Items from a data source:
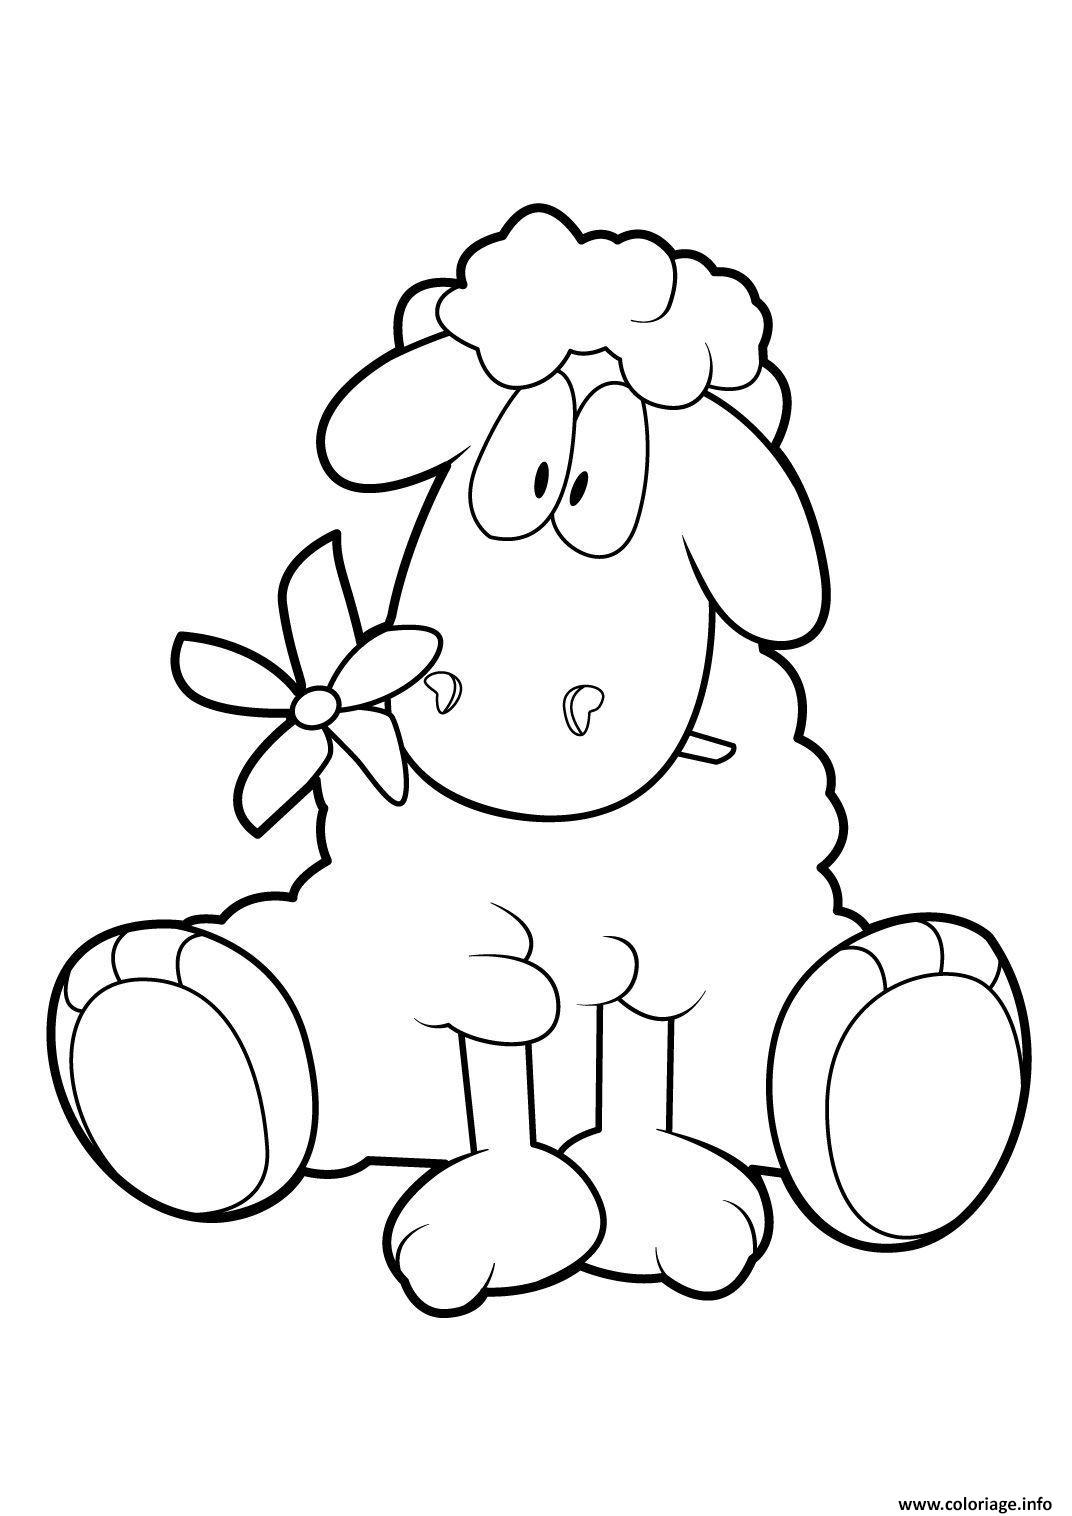 Coloriage Mouton 18 Dessin Gulli À Imprimer dedans Dessin Mouton 
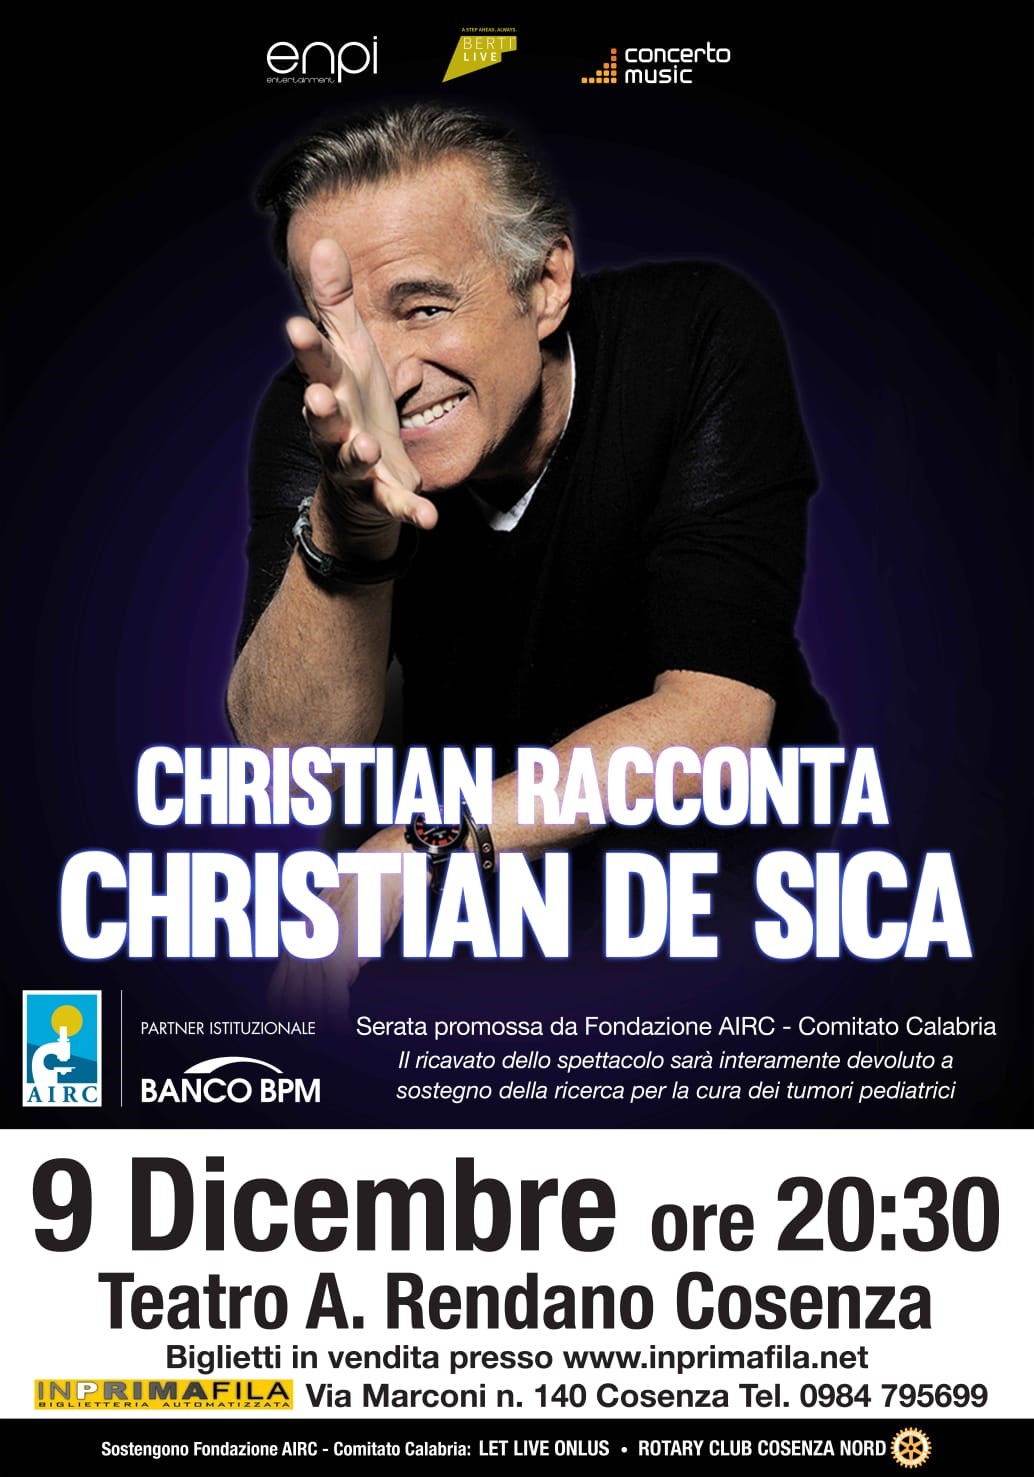 Cosenza: ultimi biglietti disponibili per lo spettacolo di Christian De Sica - Stretto web
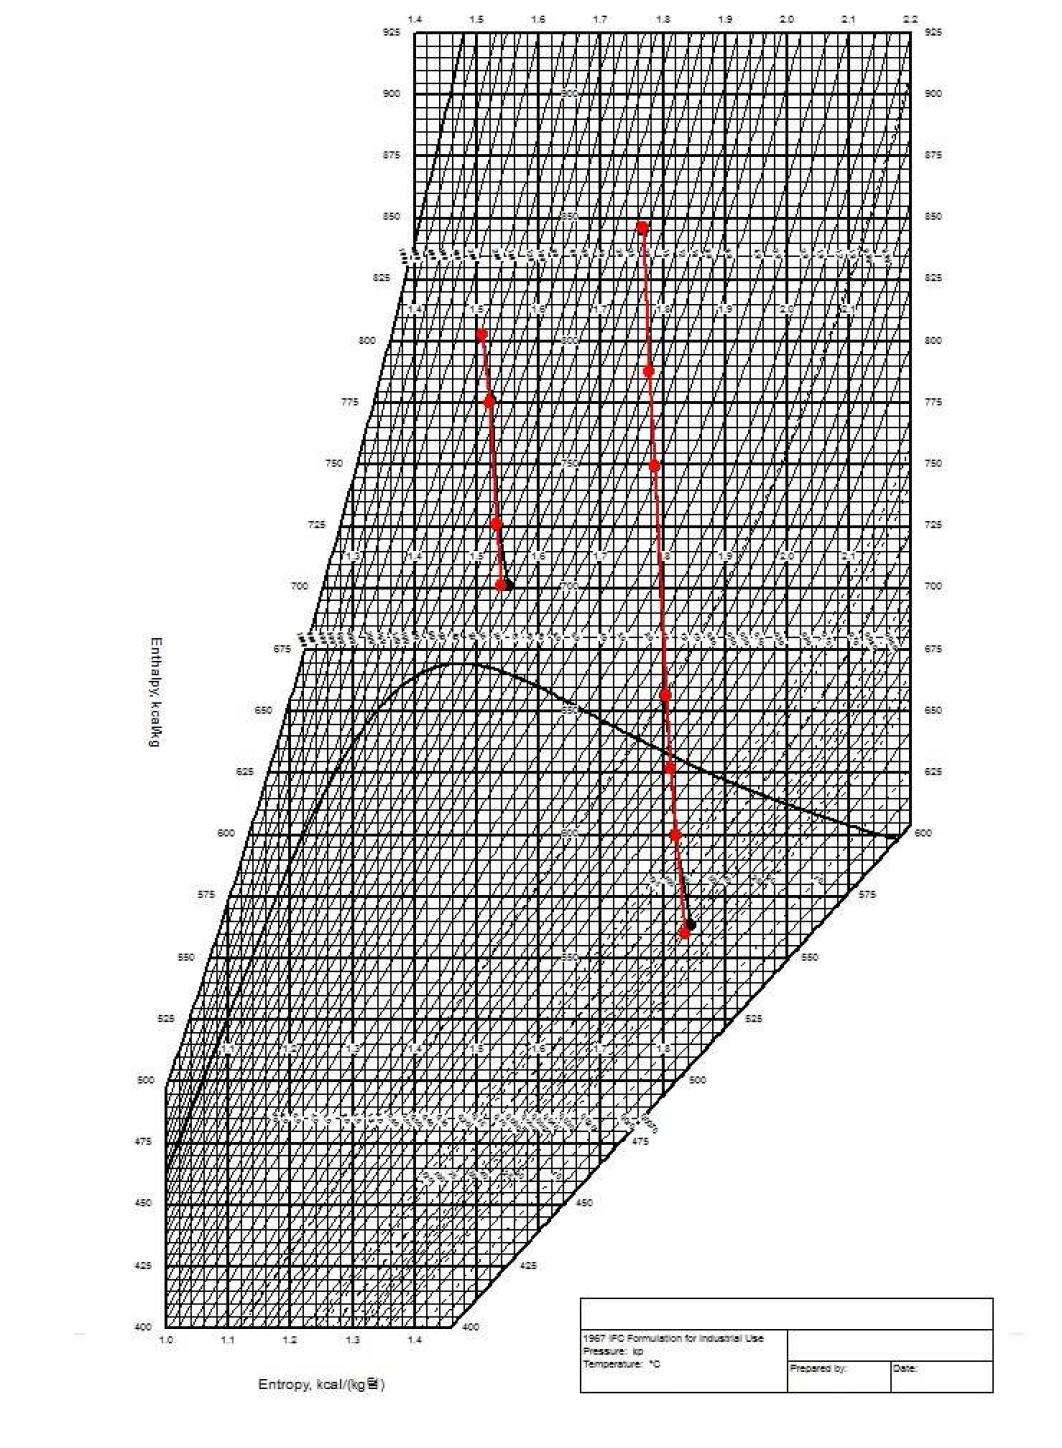 설계열평형도와 설계참조모델의 Mollier Diagram (75%NR)
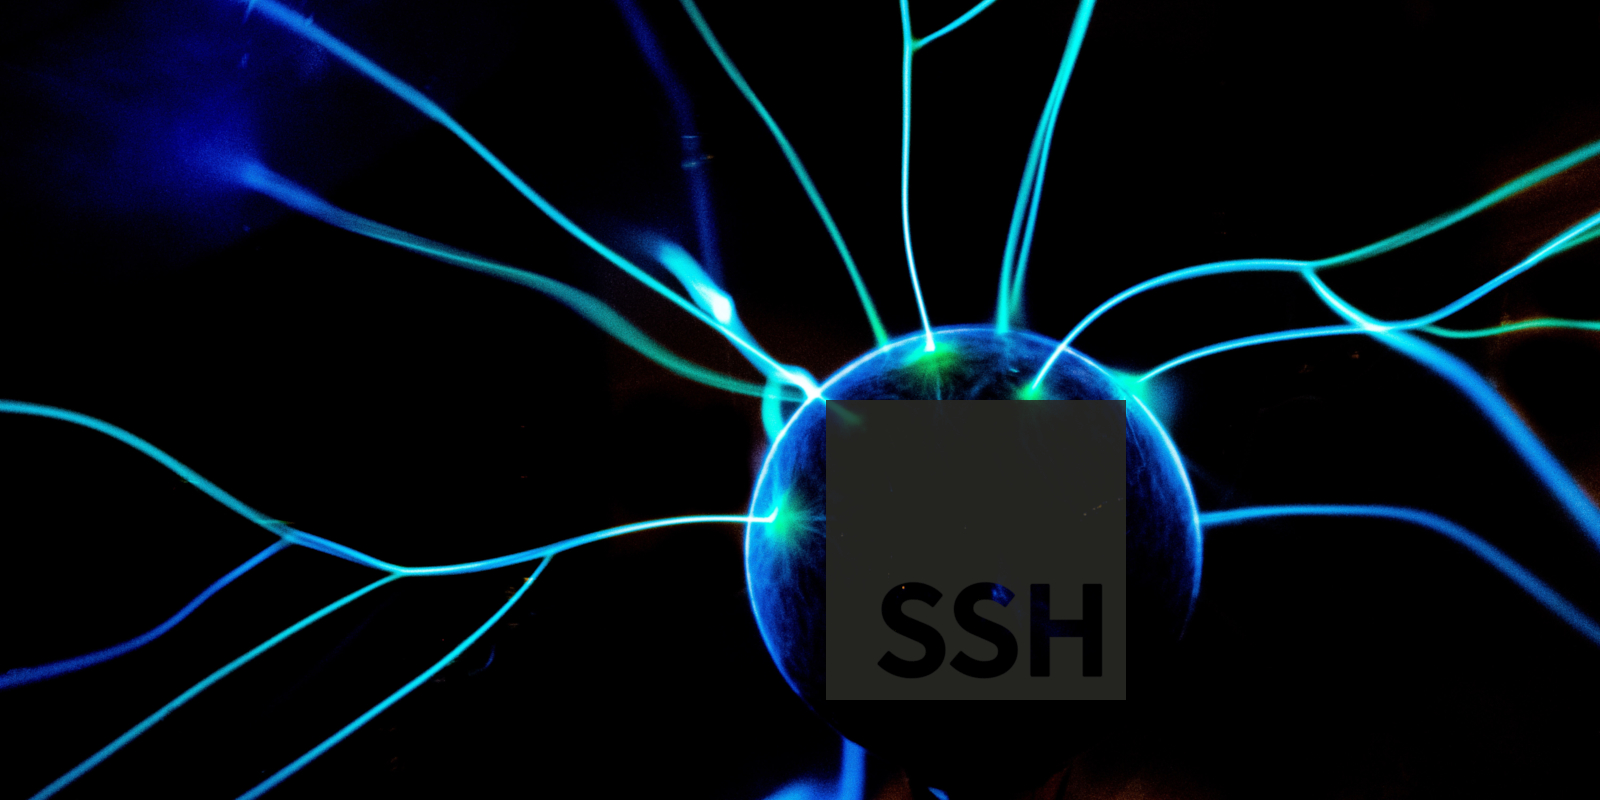 Unofficial SSH logo
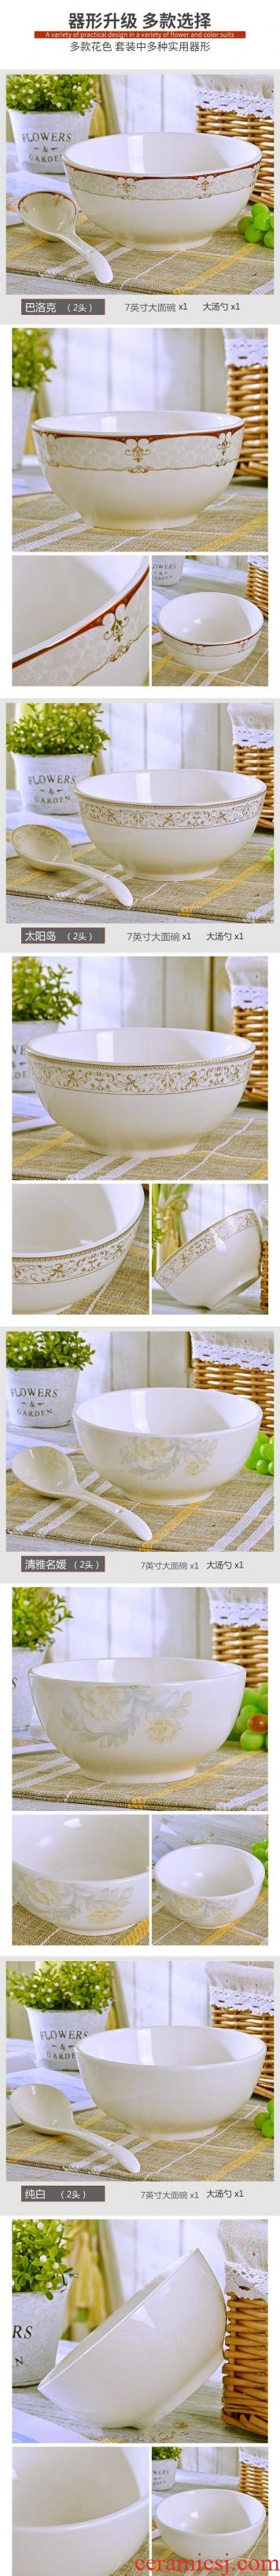 Jingdezhen 7 "rainbow noodle bowl ceramic bowl suit large rice bowls tablespoon salad bowl creative large soup bowl

■ Your task ■
Nothing in the records should be changed in the copy, but the pictures must be left out.

■ Your response ■
 Coloriage Mouton 18 Dessin Gulli À Imprimer dedans Dessin Mouton 
 Cosenza: ultimi biglietti disponibili per lo spettacolo di Christian De Sica - Stretto web
 설계열평형도와 설계참조모델의 Mollier Diagram (75%NR)
 Unofficial SSH logo
 Jingdezhen 7 "rainbow noodle bowl ceramic bowl suit large rice bowls tablespoon salad bowl creative large soup bowl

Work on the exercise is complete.